Most of Virginia's leaders want to overdevelop that national historic
landmark. The analogy to casinos threatening Gettysburg -- or to
subdivisions that now cannot threaten Monticello, thanks to wise
arrangements there -- is inexact, but germane.
On Jan. 13 (http://hamptonroads.com/2011/01/park-services-time-ft-monroe),
the Pilot's editors urged decision makers to "think big" about the need for
a suitably large national park -- one with "sufficient land ... set aside
... to protect views of the Chesapeake Bay integral to understanding the
fort's role in American history."
But even the Pilot's editors don't understand that it is the Virginia
congressional delegation, not the National Park Service, that really
decides. And that delegation, plus state and local leaders in both parties,
plus the editors of the other local daily, choose narrow parochialism --
which, ironically, actually yields less enrichment, even if you only define
enrichment in terms of dollars.
Virginia's leaders now plan to call parts of the moated fortress a national
park, and then to do their will -- under certain restraints -- with the rest
of the Old Point Comfort national historic landmark. Of course, nobody ever
planned to ruin the moated fortress anyway.
An op-ed
(http://www.dailypress.com/news/opinion/dp-news-oped-corneliussen-0116-20110115,0,897921.story)

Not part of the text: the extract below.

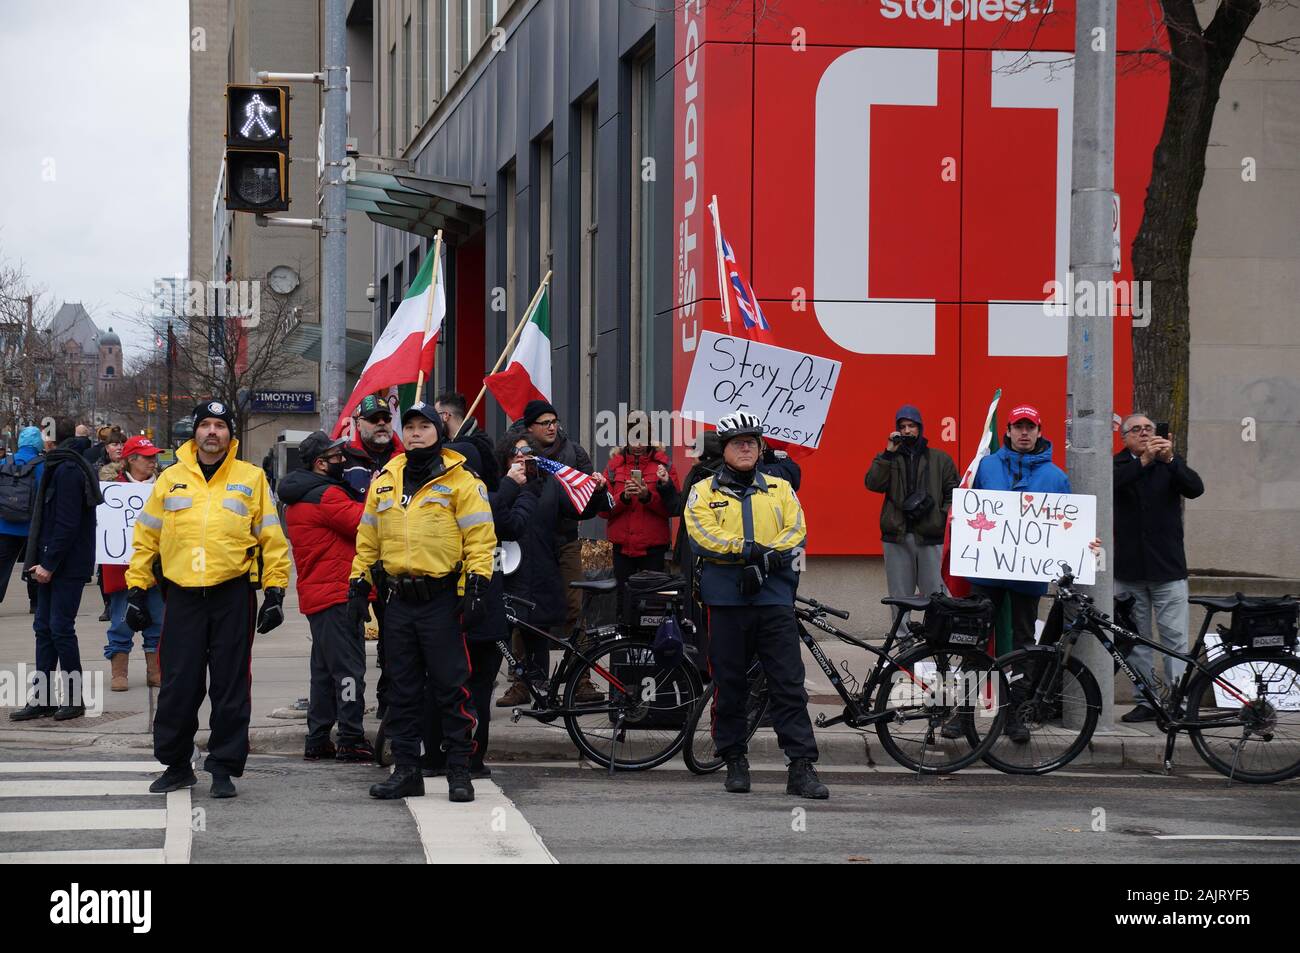 TORONTO, CANADA - 01 04 2020: Police officers guarding the rally outside U.S. Consulate in Toronto supporting US President Donald Trump's policy in Stock Photo

that I published two Sundays ago in the Newport News Daily Press explains my
view of how things now stand. It begins: "Soon an American cultural disaster
will almost certainly engulf post-Army Fort Monroe, a national treasure with
international importance."
Last year, the local PBS people came to my house and shot a lot of footage
of me talking, and then used lots of Fort Monroe photos in assembling a
three-minute-long clip showing the stakes at Fort Monroe:
http://www.youtube.com/watch?v=27e_85dm8s4
No doubt my citing my own op-ed and that YouTube clip constitutes shameless
self-promotion. But it also constitutes the best, most direct way I know to
warn lovers of Virginia history about the once-in-a-millennium American
cultural disaster now unfolding in the commonwealth.
The only way to save Fort Monroe now will be to attract national attention
that could conceivably shame Virginia's leaders out of their narrow -- and
ironically, financially counterproductive -- parochialism.